Akram Khan, le Prométhée des tranchées
La Grande Halle de La Villette accueille Akram Khan, avec une pièce magistrale. Aux côtés de cinq musiciens, la vedette londonienne danse l’histoire des soldats indiens qui ont servi dans l’armée britannique en 1914-18. Avec cette fresque engagée, dramatique, fulgurante et subtile, Akram Khan se retire de la scène. Pour cela aussi, Xenos est incontournable.
Cinq musiciens, mis en scène comme un chœur de citoyens (ou de dieux) dans la tragédie grecque, apparaissent parfois au-dessus de la pente face à laquelle un homme indien, en habit traditionnel blanc, s’arrache au sol pour tirer une énorme corde. Xenos retrace, sur un mode individuel, une histoire qui est celle d’un million et demi d’Indiens, envoyés au charbon par leur puissance coloniale britannique, au cours de la Première Guerre mondiale.
Une tragédie kathak
Xenos est une tragédie kathak, un hommage à ceux qui ont été tués ou mutilés dans les tranchées. À chacun d’entre eux, quelle que soit sa culture d’origine. Car le Xenos, l’étranger en cet outre-monde, c’est l’humain tout court. Mais quand Khan tourbillonne tel un derviche, le kathak n’est plus un étranger. Khan invente et interprète une danse universelle, consciente et fière de ses origines. Mais elle accueille, discrètement et dignement, quelques notes occidentales, du ballet au hip-hop.
La danse du soldat inconnu se courbe, s’infléchit, se dénature jusqu’à éclater et s’enfoncer dans le sol. Un kathak terrorisé, mais toujours kathak, jusqu’à se dissoudre dans un requiem. Un kathak en chaînes, lors de la traversée, comme sur un bateau négrier. Un kathak qui perd son côté ensoleillé et acquiert la capacité à porter un récit théâtral qui s’adresse à un public de culture occidentale.

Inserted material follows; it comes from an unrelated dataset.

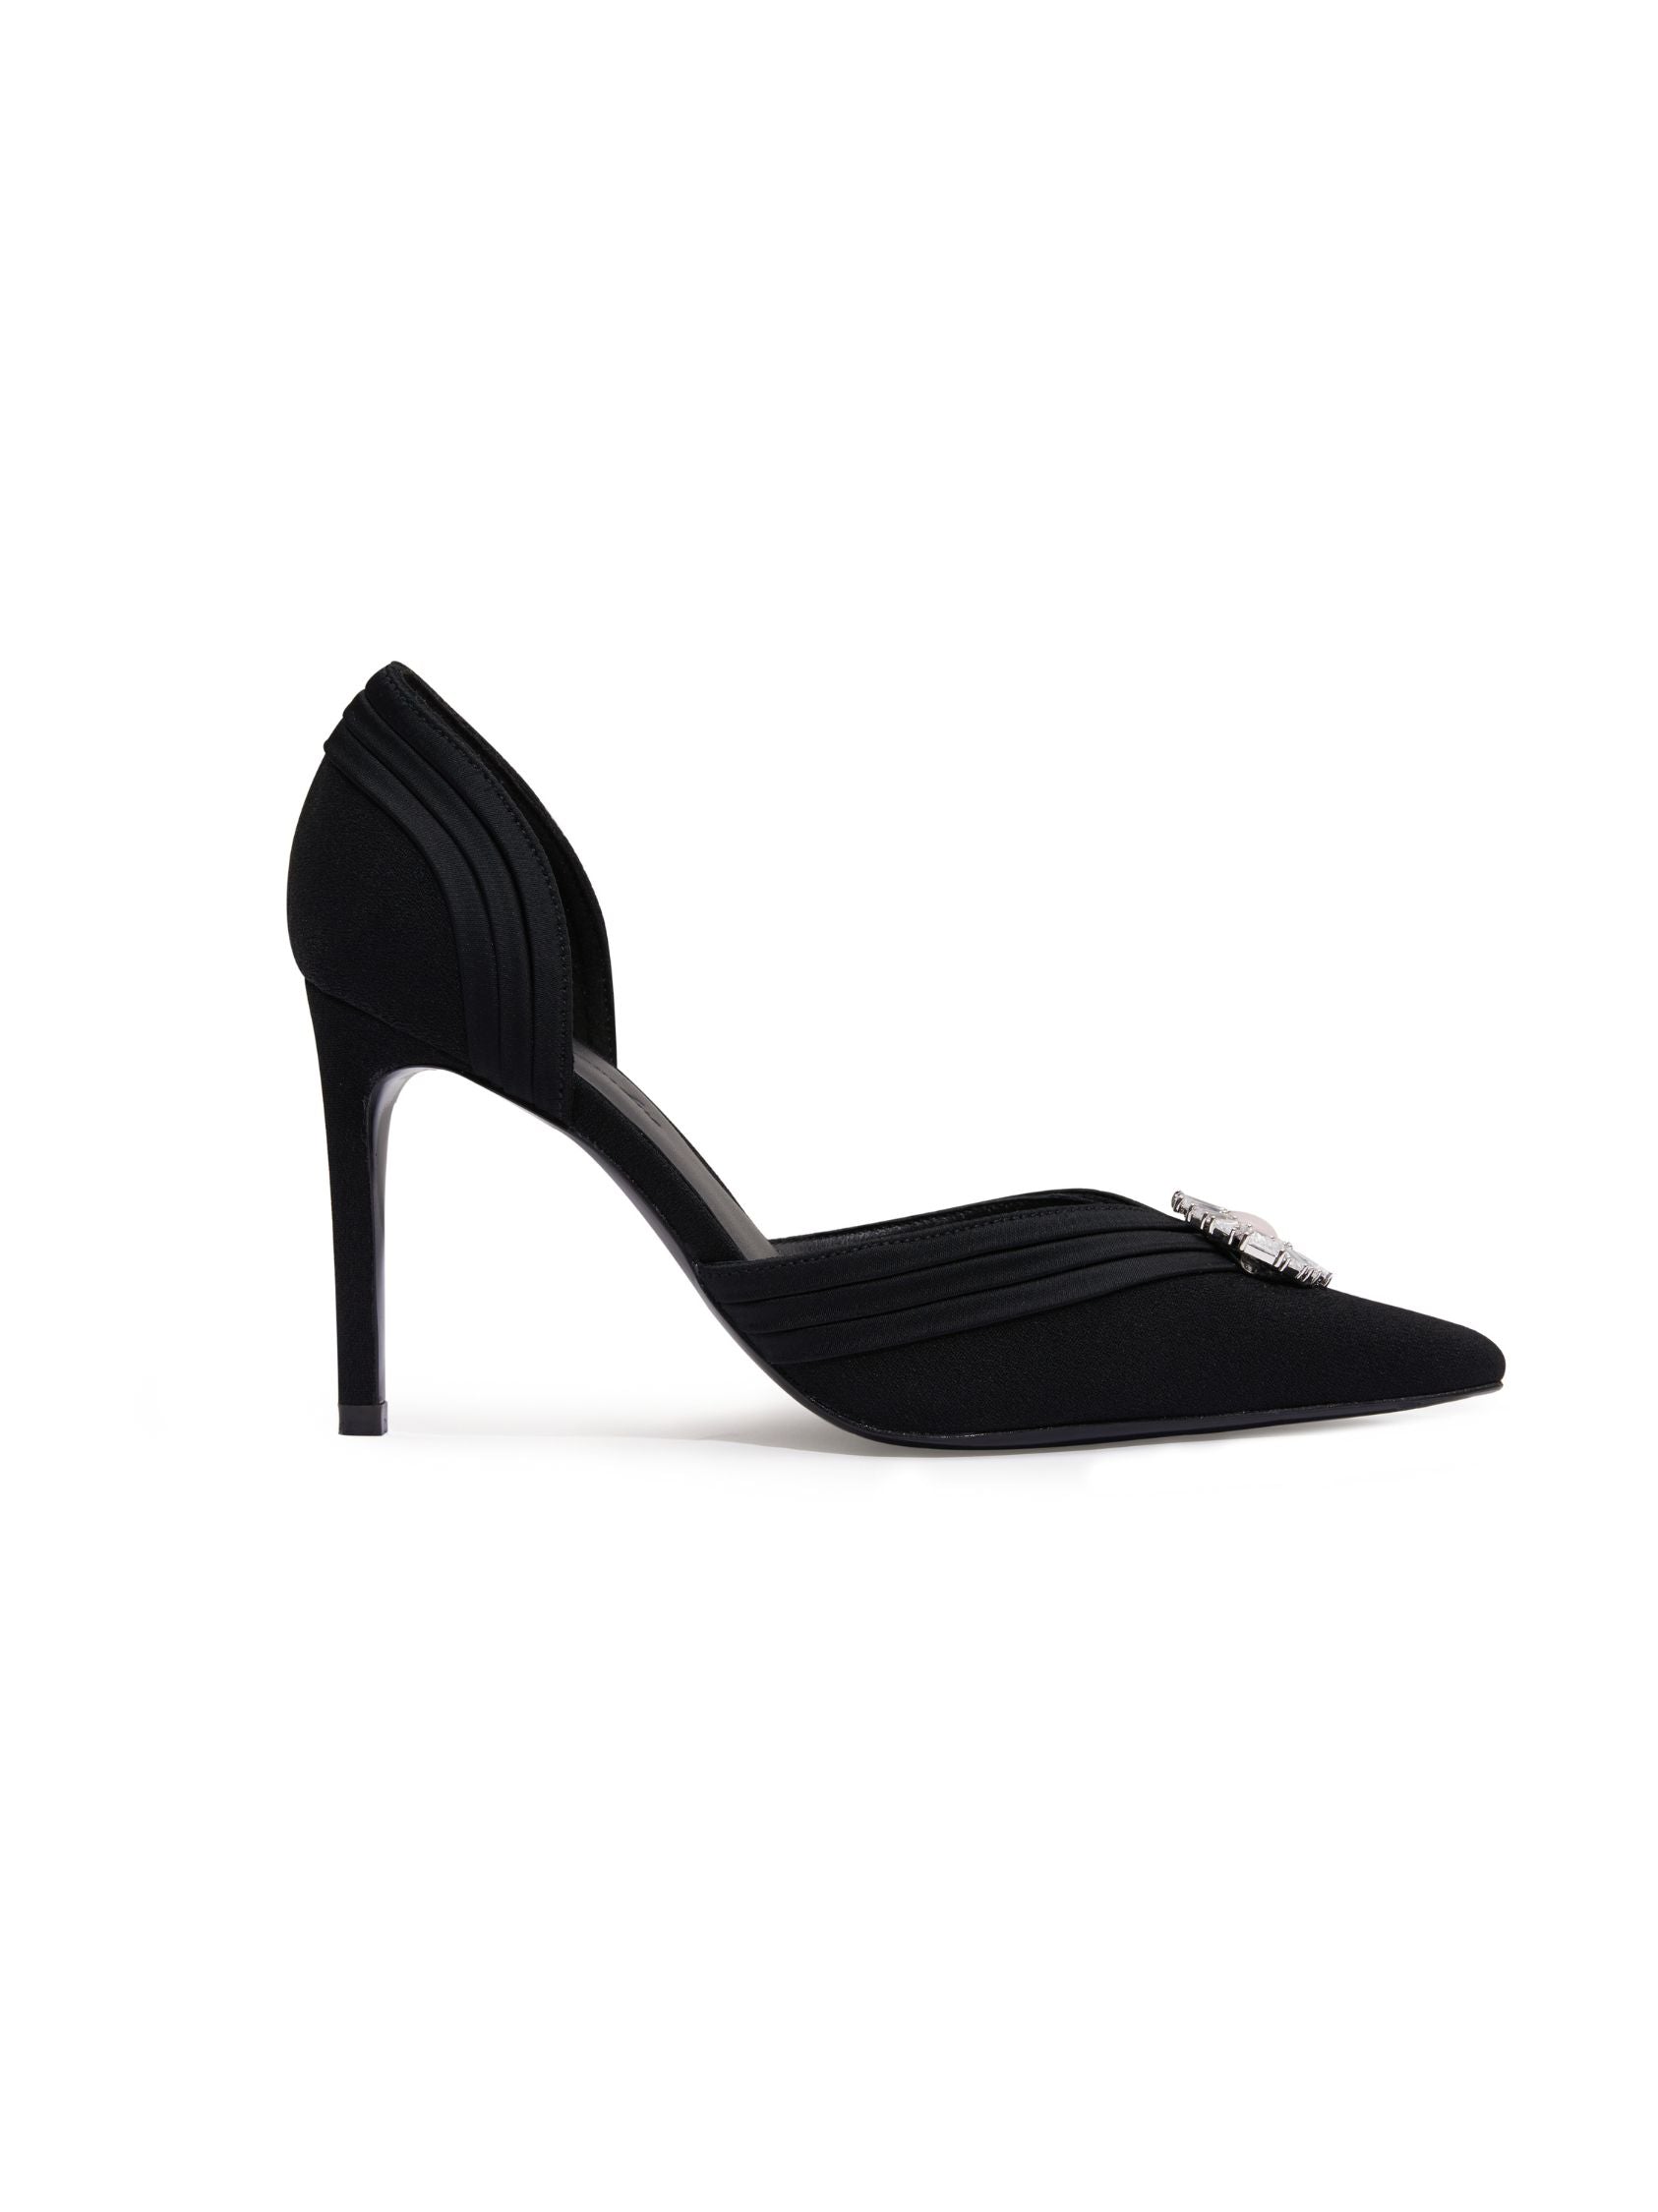 Diana Diamond Heels (Black)
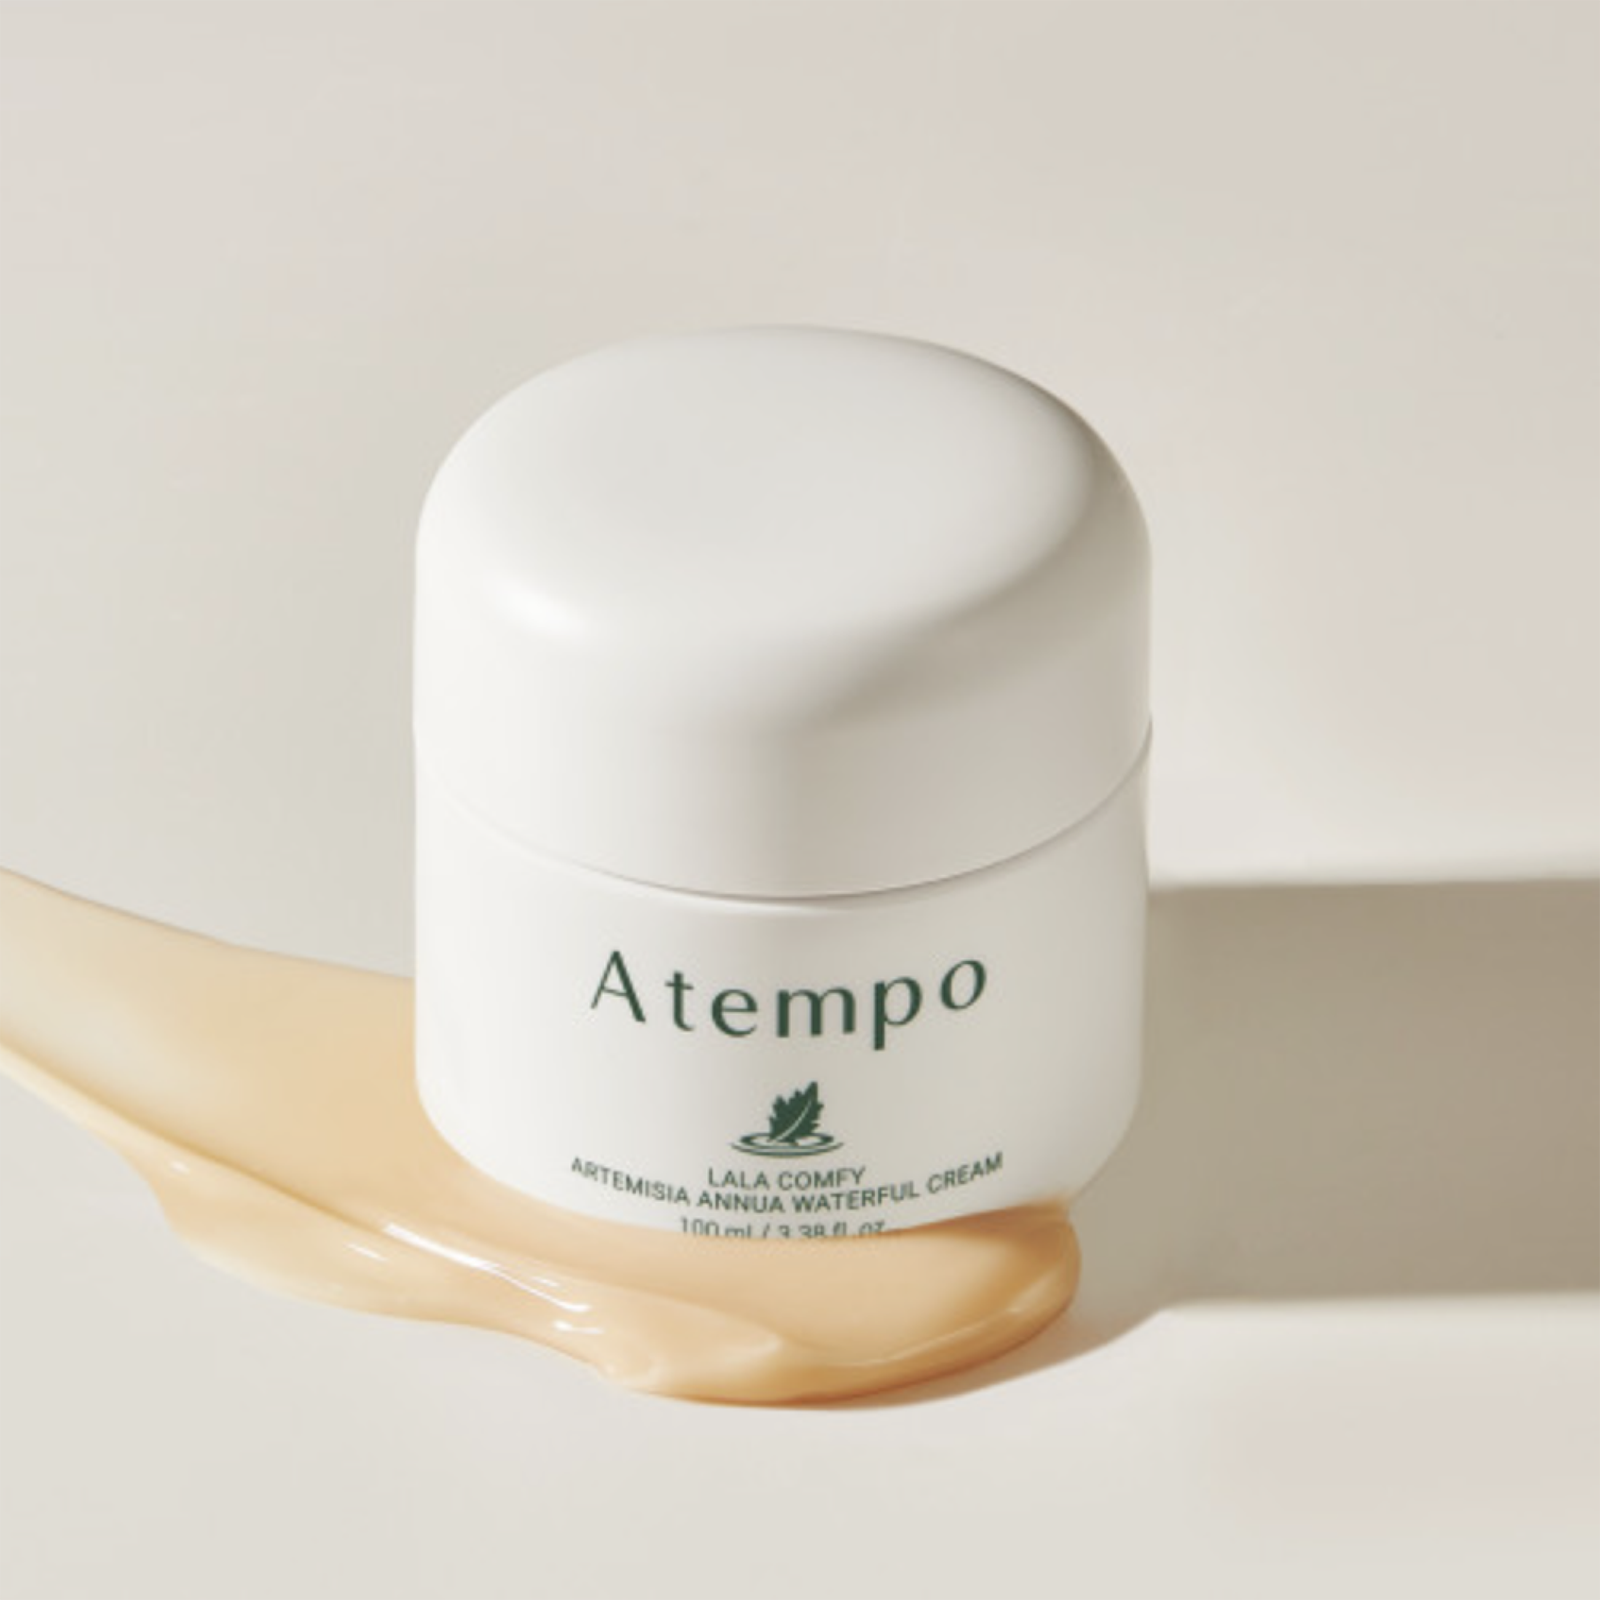 ATEMPO Lala Comfy Artemisia Annua Waterful Cream

Prométhée sur charbon ardent
Khan s’accroche aux cordes. Il rampe sur une colline de boue imaginaire. Il se met debout sur la crête et se transforme en un Prométhée kathakali. Cette scénographie, immense mais limpide, est loin d’avaler le personnage. Au contraire, elle le révèle, aidée par des éclairages qui deviennent paysage à eux seuls.
Au tableau final, Khan se relève comme d’un bain d’argile. Le charbon ardent remplit la vallée et interdit tout retour vers le bas, calciné. Le soldat anonyme doit mourir, comme Prométhée. À la création du spectacle au festival Montpellier Danse, la salle entière, celle du Corum et donc énorme, s’est levée comme un seul homme pour ovationner Akram Khan, les musiciens et toute l’équipe de Xenos.
Un grand maître des arts vivants
Les chefs-d’œuvre d’une telle prestance sont bien rares. Avec Xenos, Akram Khan crée son dernier grand solo qu’il interprète lui-même. Il remet ici sur le plateau toute sa virtuosité en danse kathak, mais il construit surtout un personnage et un propos qui réunissent avec grande pertinence le mythe grec de Prométhée, l’histoire du XXe siècle et une prise de position par rapport à notre actualité politique. C’est énorme et, surtout, servi dans le style d’un grand maître devant l’histoire des arts vivants.
Khan incarne le soldat anonyme, arraché à ses terres et à sa culture. Et il reprend le flambeau de Prométhée, allégorie d’une humanité qui s’arme d’outils qui la dépassent. Il échoue sur une plage comme un migrant actuel et remet sur la table les fantassins du nord et du nord-est de l’Inde dont le sacrifice a été passé sous le tapis de l’histoire, au Royaume-Uni et même en Inde.
Xenos enchaîne les tableaux et construit un récit, sans être didactique ou moralisateur, puisque l’humanité du personnage domine tout, puisque la danse elle-même est ici un personnage à part entière, un camarade dans la guerre des tranchées : “Ceci n’est pas la guerre, c’est la fin du monde et de moi-même.” Quand Khan parle ici d’aboutissement d’une carrière dans la danse, la sienne évidemment, il n’exagère rien. Quand, aujourd’hui, Xenos fait halte à La Villette, dans le cadre de la programmation hors les murs du Théâtre de la Ville, il faut saisir l’occasion de voir ce héros de la danse dans son dernier grand rôle, son legs ultime à la scène et à son public à travers le monde.